Now that Drew Jarrett has left the program, the Cavaliers are likely to hand the kicking over to sophomore
Ian Frye, a part-time performer in 2012. The unusually rangy 6-6, 210-pounder hit 3-of-5 field goal attempts, and could handle kickoffs this fall as well.
Back at punter will be junior Alec Vozenilek. In his first year as the successor to Jimmy Howell, he averaged 40.6 yards, with an impressive net of 37.9 yards. He's worked on his leg strength and fundamentals this offseason to improve his distance and hang time.
The Cavaliers have yet to decide on a punt returner or a kick returner, a process that began in the spring and will continue in the summer. Junior Khalek Shepherd has been the school's primary specialist the last two years, so it goes to figure that he'll be back in the same role in the fall.

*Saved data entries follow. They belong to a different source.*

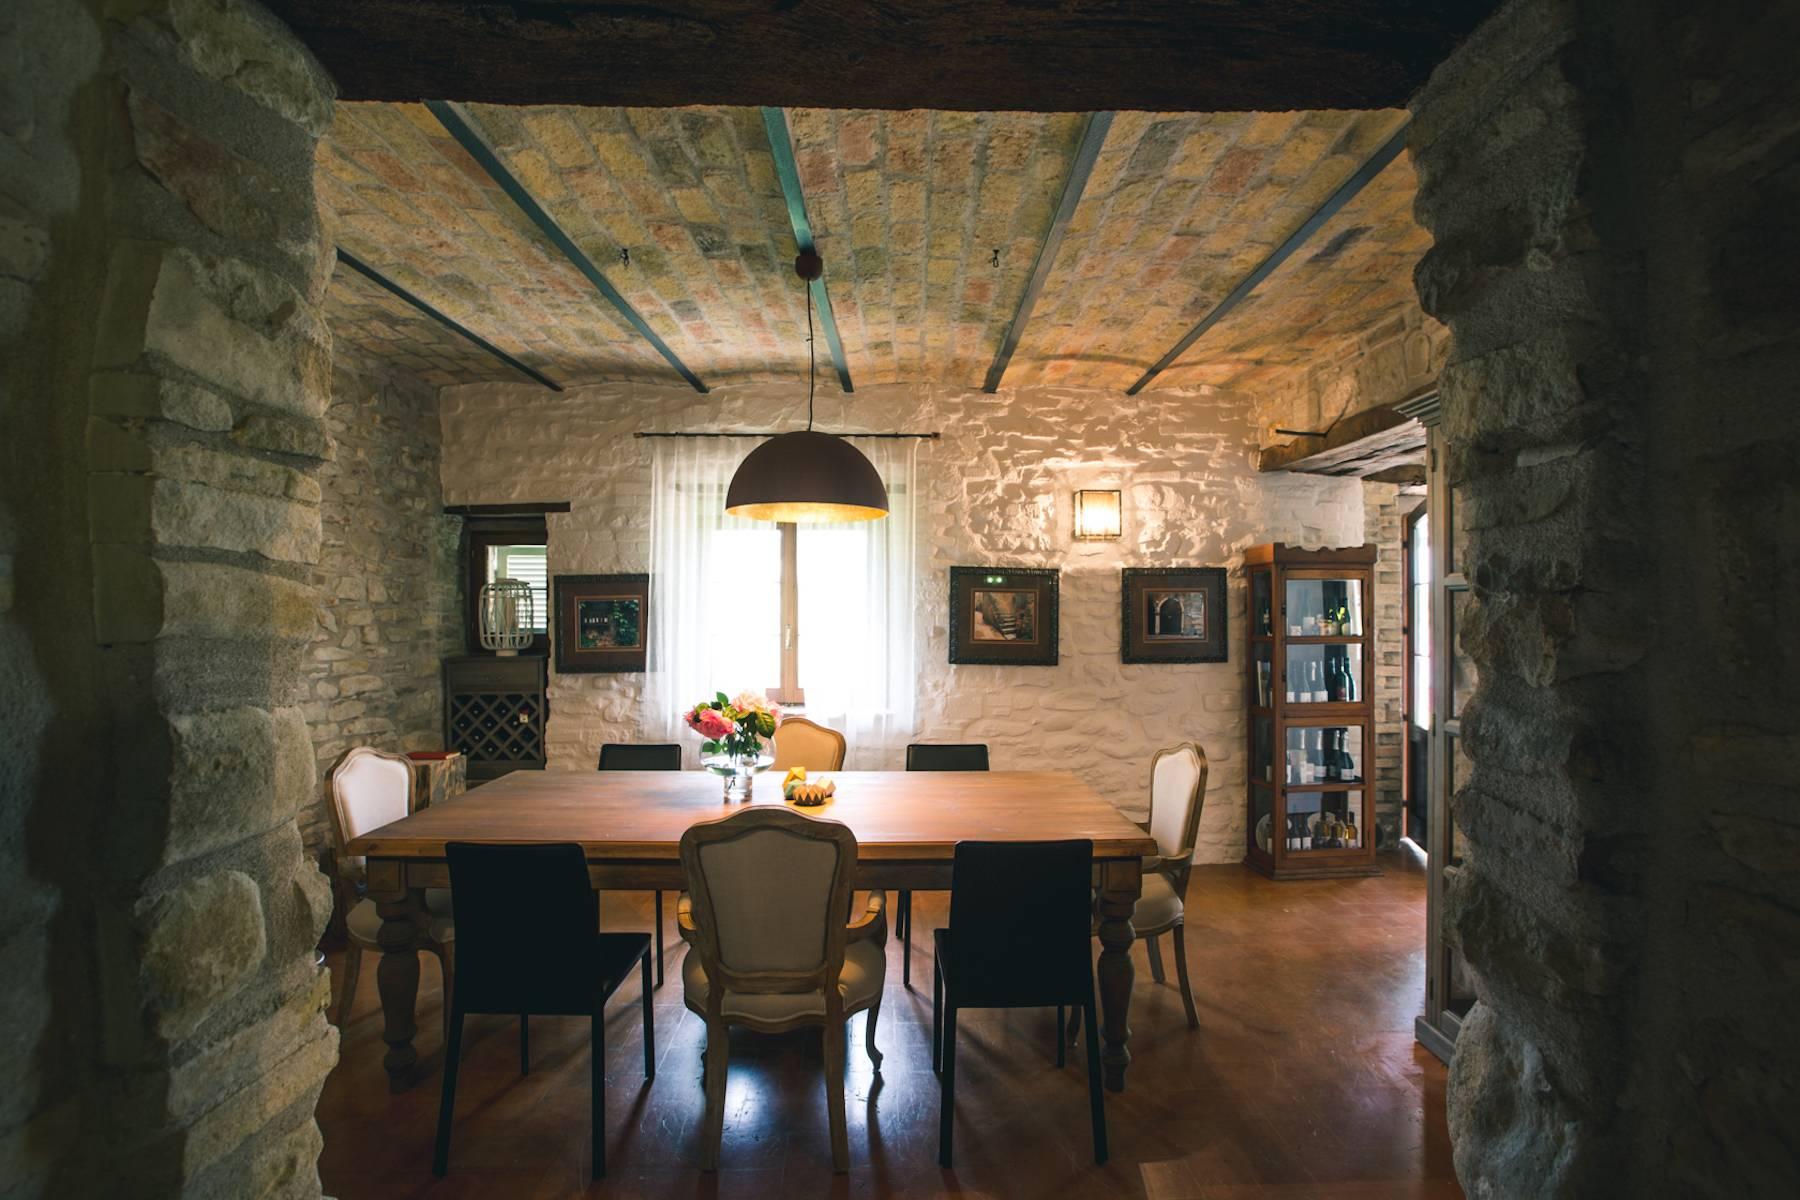 Splendidi casali in pietra, un restyling sofisticato di architettura rurale depoca - 8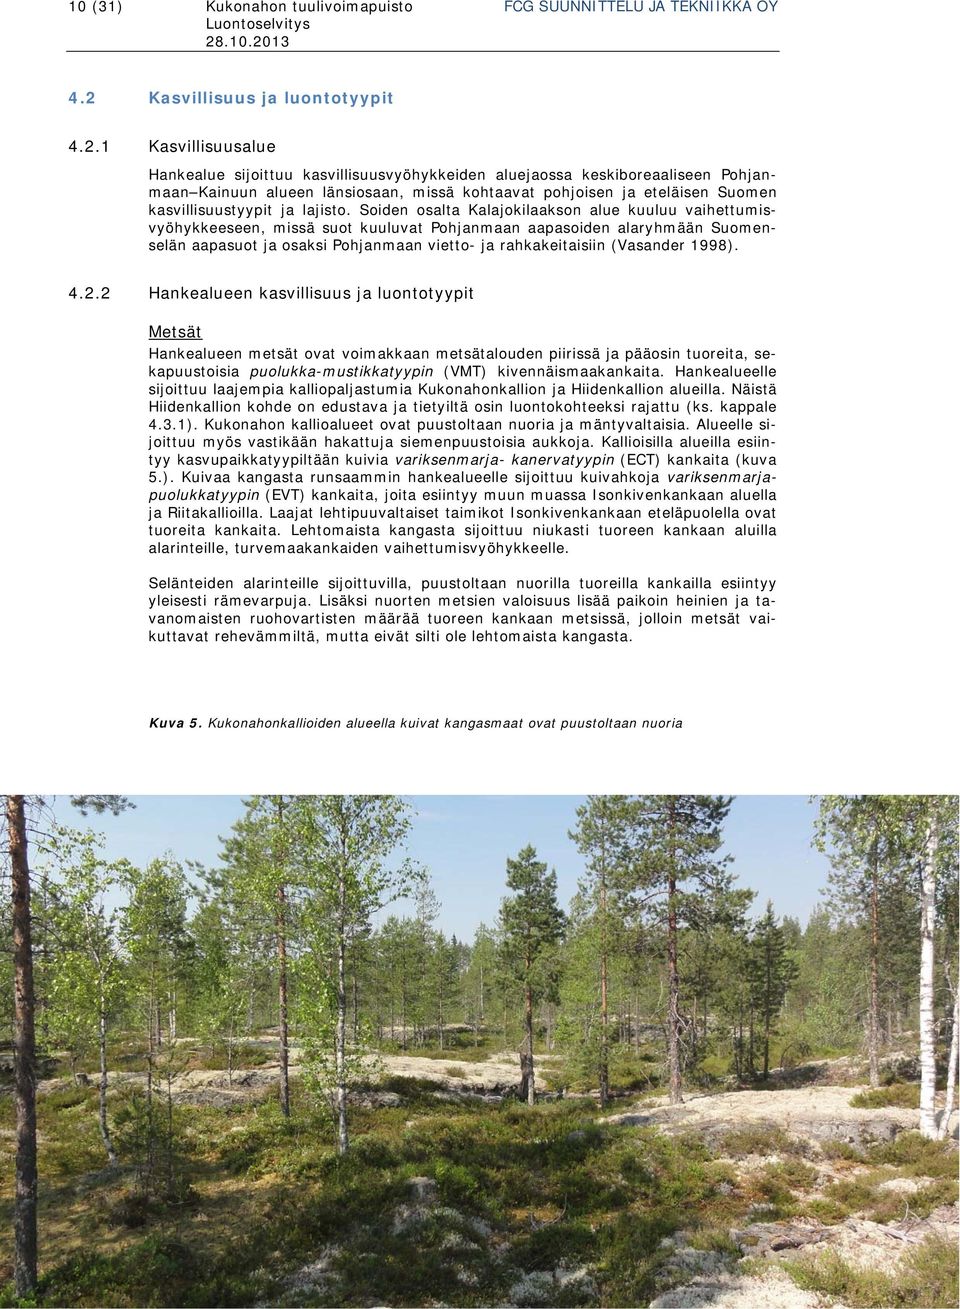 1 Kasvillisuusalue Hankealue sijoittuu kasvillisuusvyöhykkeiden aluejaossa keskiboreaaliseen Pohjanmaan Kainuun alueen länsiosaan, missä kohtaavat pohjoisen ja eteläisen Suomen kasvillisuustyypit ja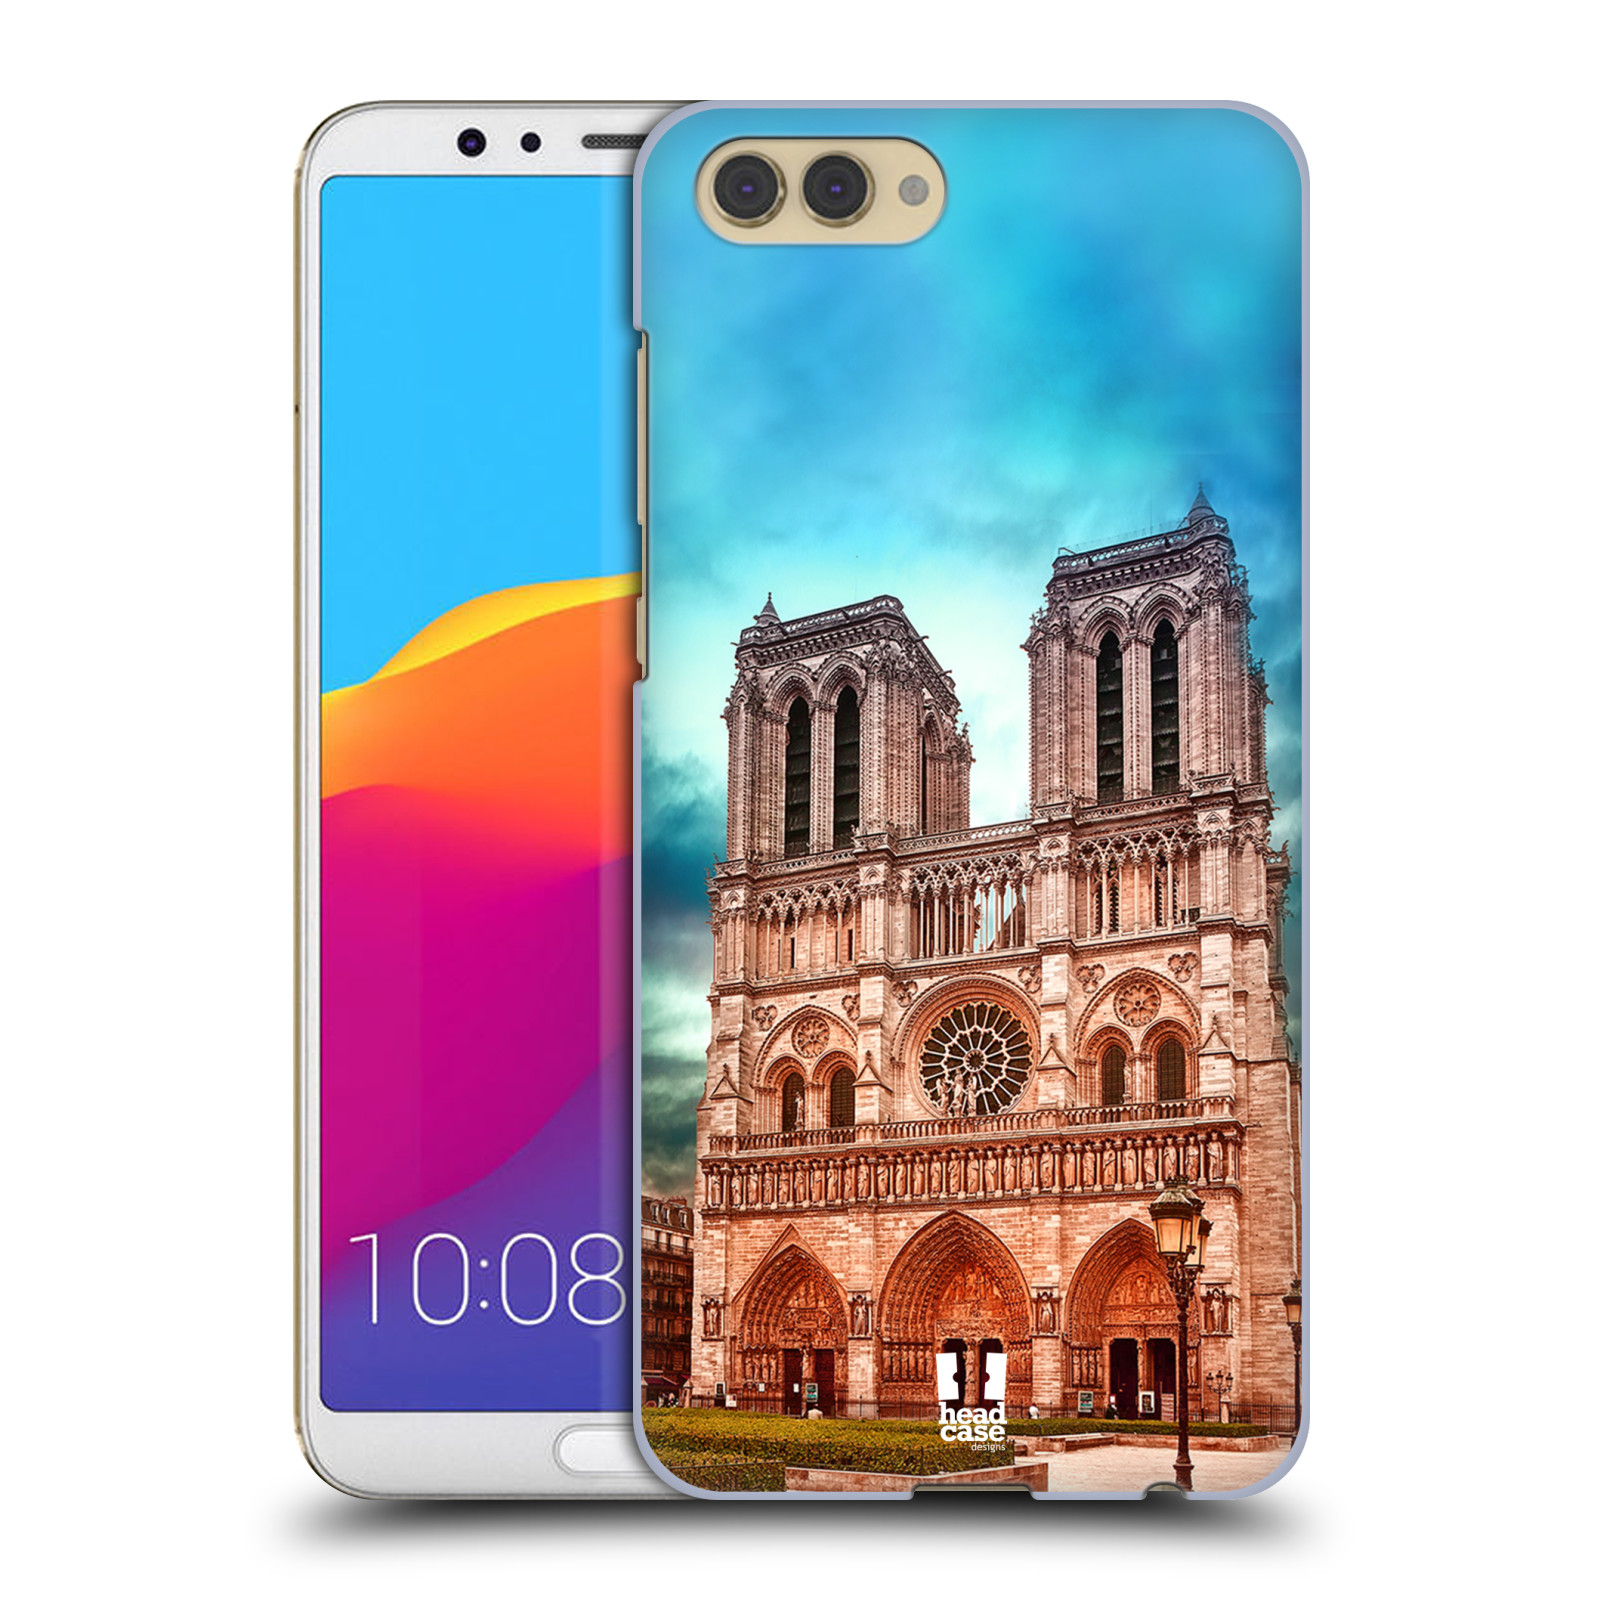 Pouzdro na mobil HONOR View 10 / V10 - HEAD CASE - historická místa katedrála Notre Dame

Watch Out For… Frye's development. It won't get discussed a ton in the summer, but Frye will be an underrated piece of the 2013 puzzle. The Cavs are traditionally sketchy in the red zone, and play in a slew of close games, so the accuracy of the kicker could be the difference between wins and losses this fall.
Strength: Shepherd. Assuming he gets the nod, the 5-8, 185-pound playmaker should once again provide a much-needed spark on special teams. Yeah, his numbers slipped a bit in 2012, but he did snap off a 72-yarder on kickoffs, and is the most reliable part on an otherwise shaky unit.
Weakness: Kick coverage. There were 124 programs in the FBS a year ago. All but one was tighter in kick coverage than the Cavaliers. Virginia ranked 123rd nationally at 27.5 yards a return, while allowing two to be taken back for touchdowns. The special teams unit put way too much additional pressure on the D last season.
Outlook: The program continues to face problems on special teams, and will likely do so again in 2013. The legs are average, even less so at placekicker with Frye. And the coverage teams have been a perennial problem. Shepherd will have a moment or two, but not enough to compensate for an otherwise subpar collection of special teamers.